INPUT DATA:
%%
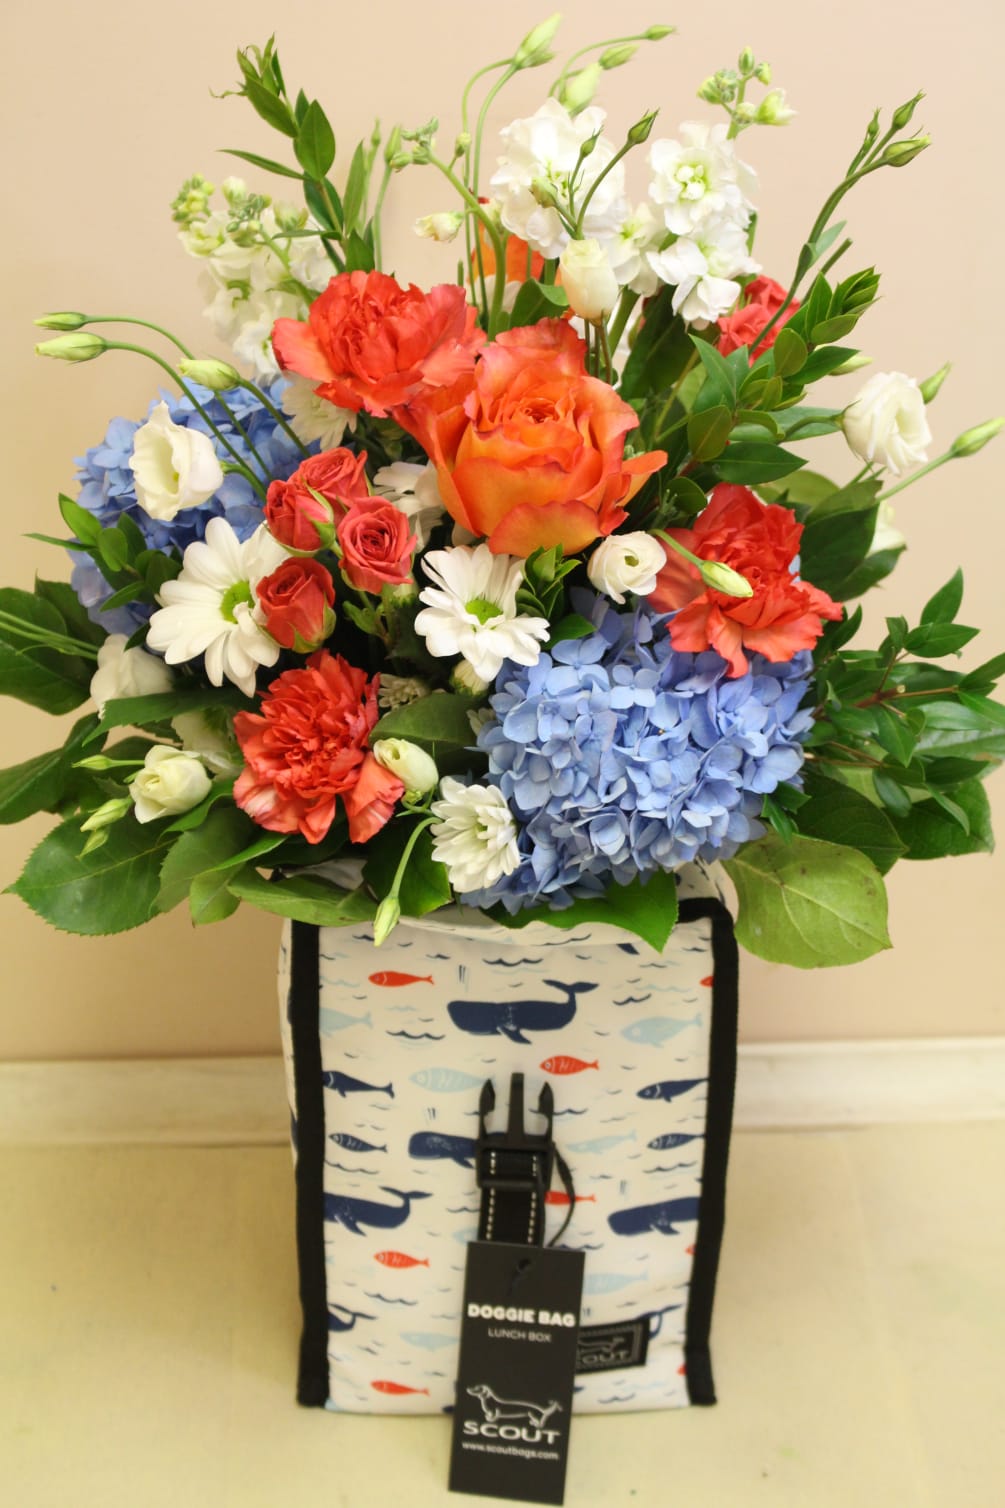 scout&#039;s doggie bag filled with flowers 
great gift!
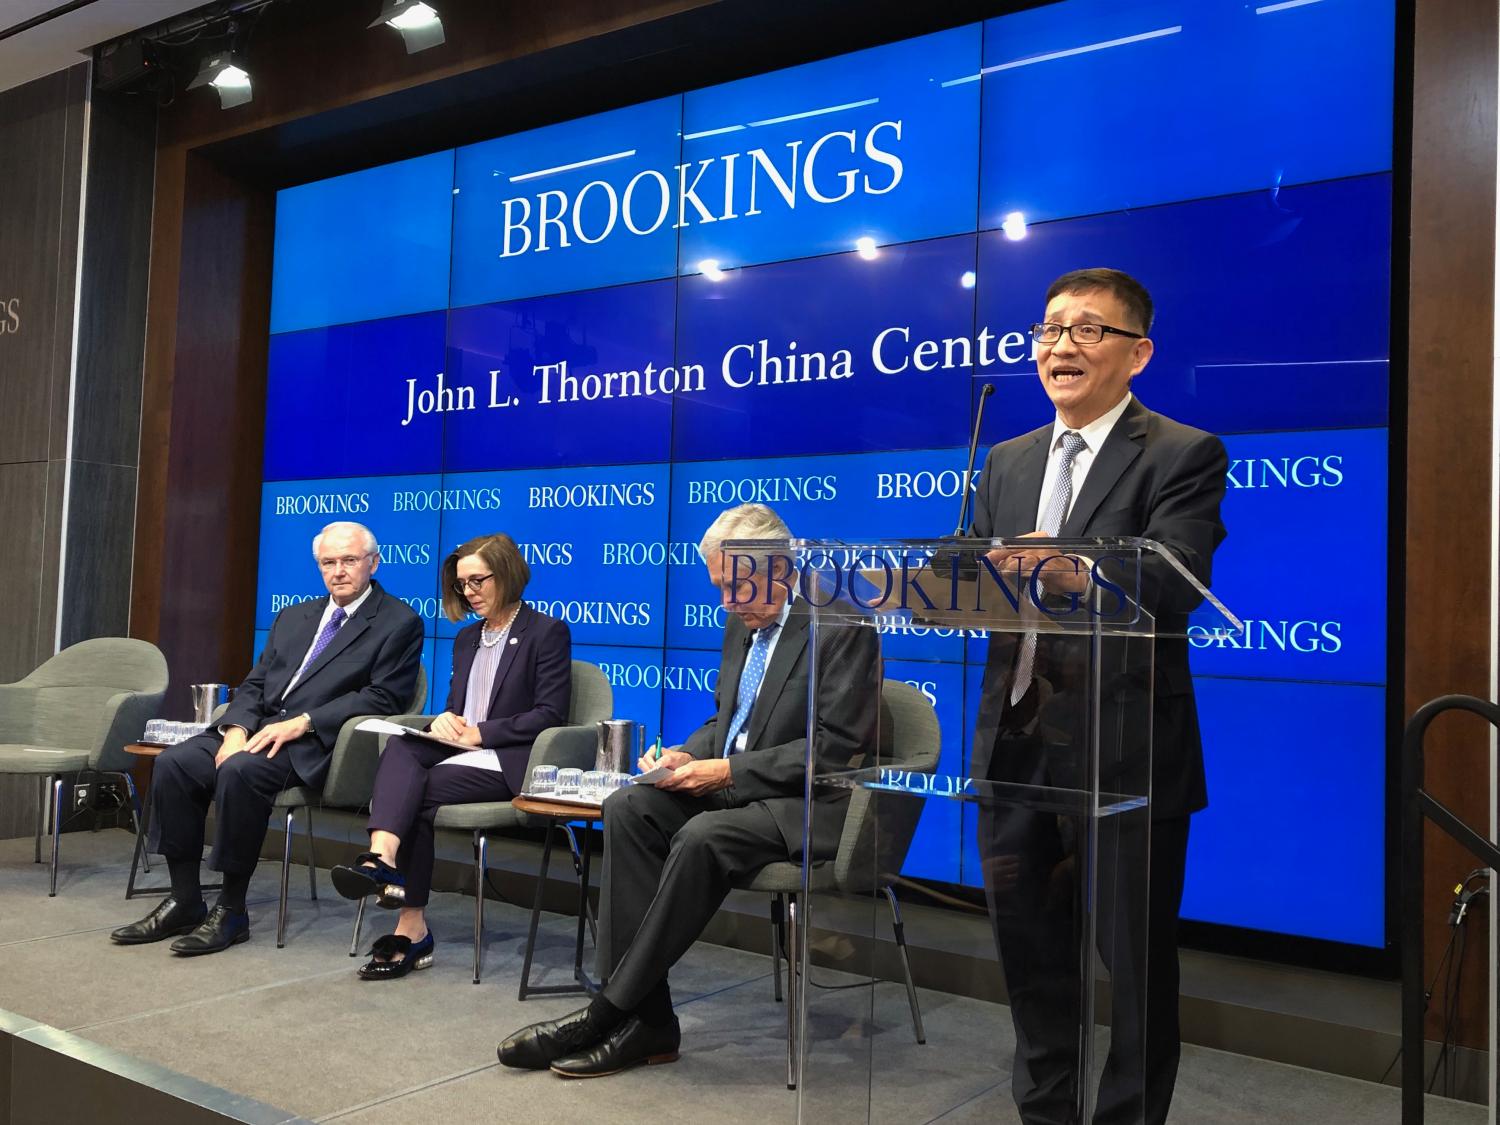 Cheng Li provides welcome remarks for a public event titled "U.S.-China relations: The view from cities and states" at the Brookings Institution in Washington, DC, on July 29, 2019.
%%
WHAT THE TASK ASKS:
The full listing must come back exactly as written, with its pictures left out.

RESULT OF THIS TASK:
 scout&#039;s doggie bag filled with flowers 
great gift!
 Cheng Li provides welcome remarks for a public event titled "U.S.-China relations: The view from cities and states" at the Brookings Institution in Washington, DC, on July 29, 2019.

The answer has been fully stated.